Experts hope to convince the US government to reform the NSA

Jan 27, 2014 13:11 GMT  ·  By

Barack Obama may have announced his planned reforms for the NSA surveillance programs, but most people aren’t happy with them. Privacy advocates, world leaders and tech companies have expressed their doubts that this is going to fix any of the issues.

More than 50 cryptography experts have joined the ranks and signed an open letter addressed to Obama, asking him to put an end to mass surveillance.

“The value of society-wide surveillance in preventing terrorism is unclear, but the threat that such surveillance poses to privacy, democracy, and the US technology sector is readily apparent. Because transparency and public consent are at the core of our democracy, we call upon the US government to subject all mass-surveillance activities to public scrutiny and to resist the deployment of mass-surveillance programs in advance of sound technical and social controls,” the letter reads.

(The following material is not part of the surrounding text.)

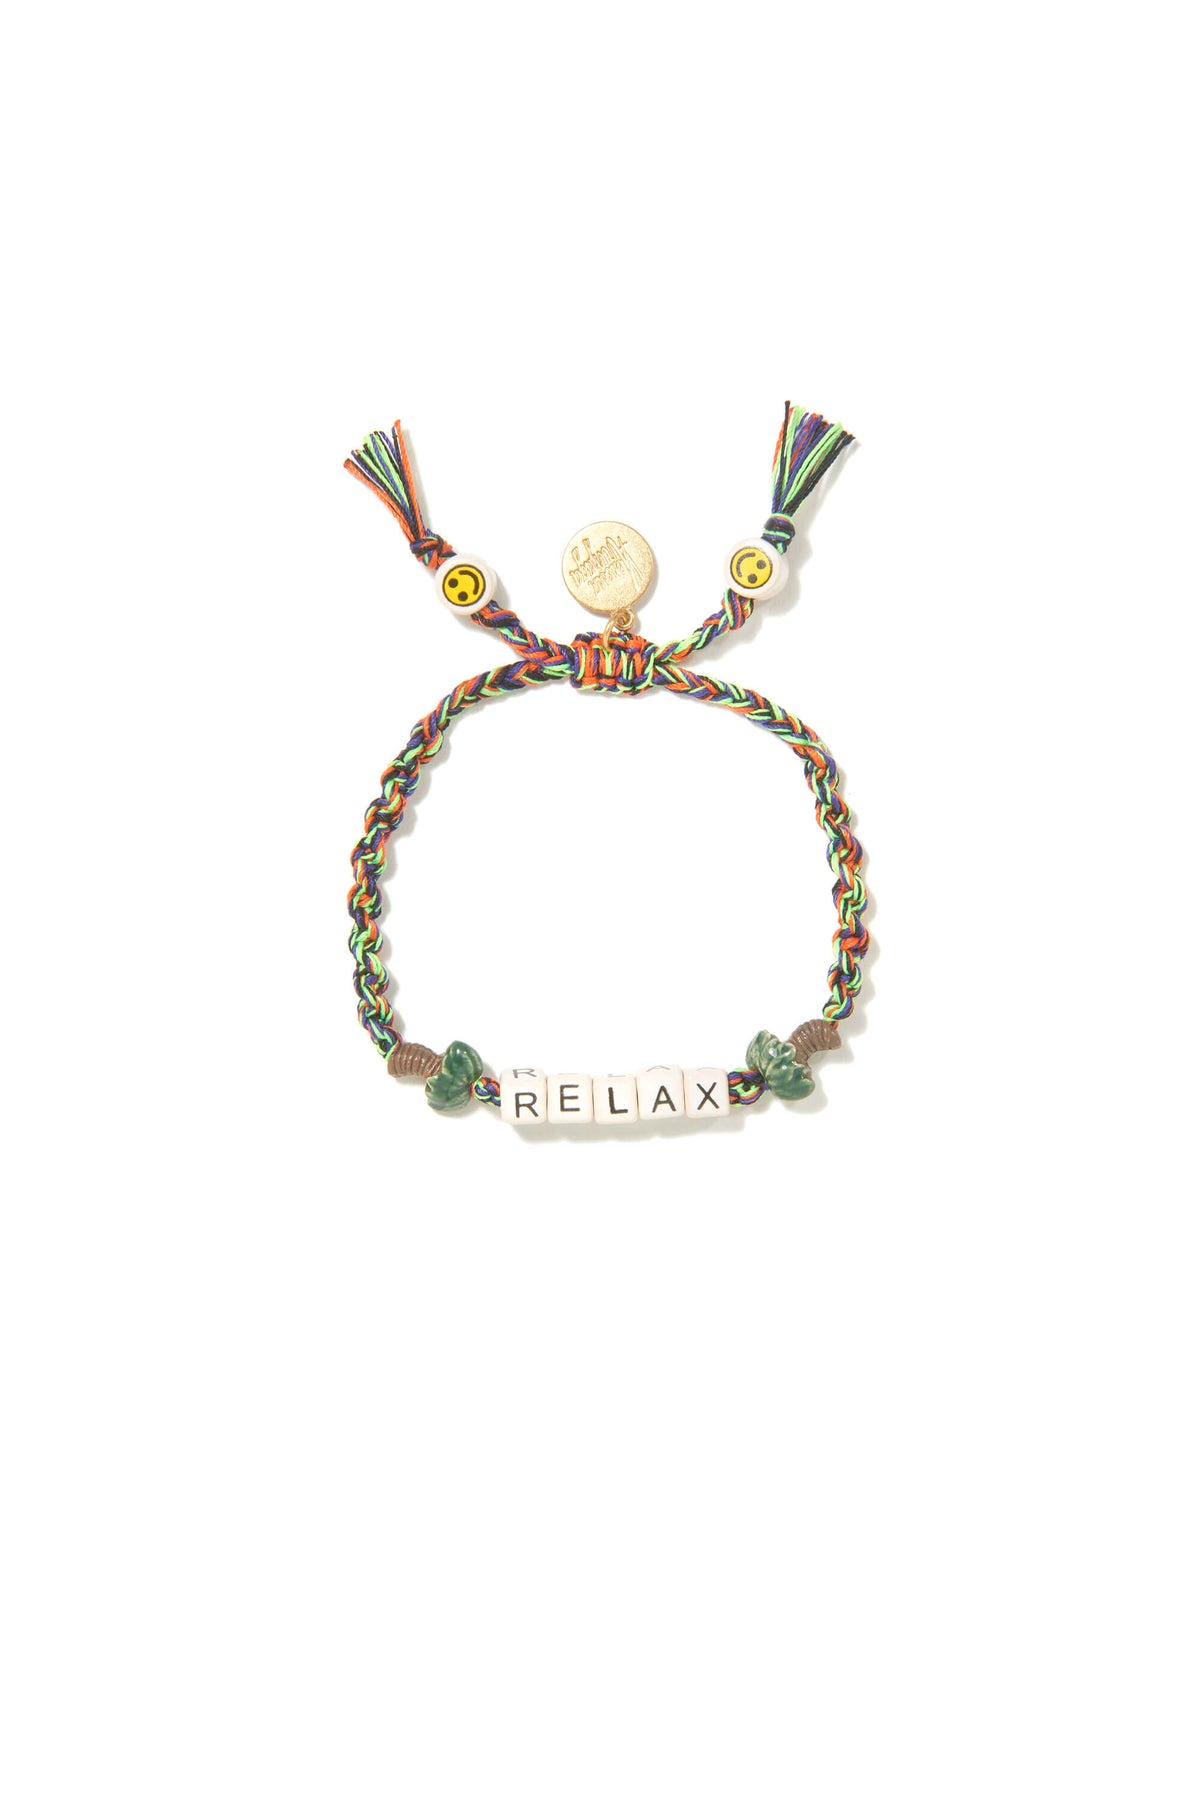 VA Relax bracelet in rainbow with gold

Furthermore, the cryptographers believe that it’s not an issue of allowing the NSA to spy, but rather of providing users a communications infrastructure that isn’t vulnerable to attacks.

“Every country, including our own, must give intelligence and law-enforcement authorities the means to pursue terrorists and criminals, but we can do so without fundamentally undermining the security that enables commerce, entertainment, personal communication, and other aspects of 21st-century life,” the group wrote.

Finally, they urged the US government to reject society-wide surveillance and the subversion of security technology and to adopt state-of-the-art, privacy-preserving technology. Furthermore, they want the government to ensure that any new policies will be guided by enunciated principals, will support human rights, trustworthy commerce and technical innovation.

The list of signers includes professors from major universities, as well as members of various associations. Bruce Schneier, who has been working with journalists writing on the Snowden files, is also on the list.

One of the biggest revelations thus far has been that the NSA has been trying to damage encryption standards everywhere by getting companies to implement backdoors.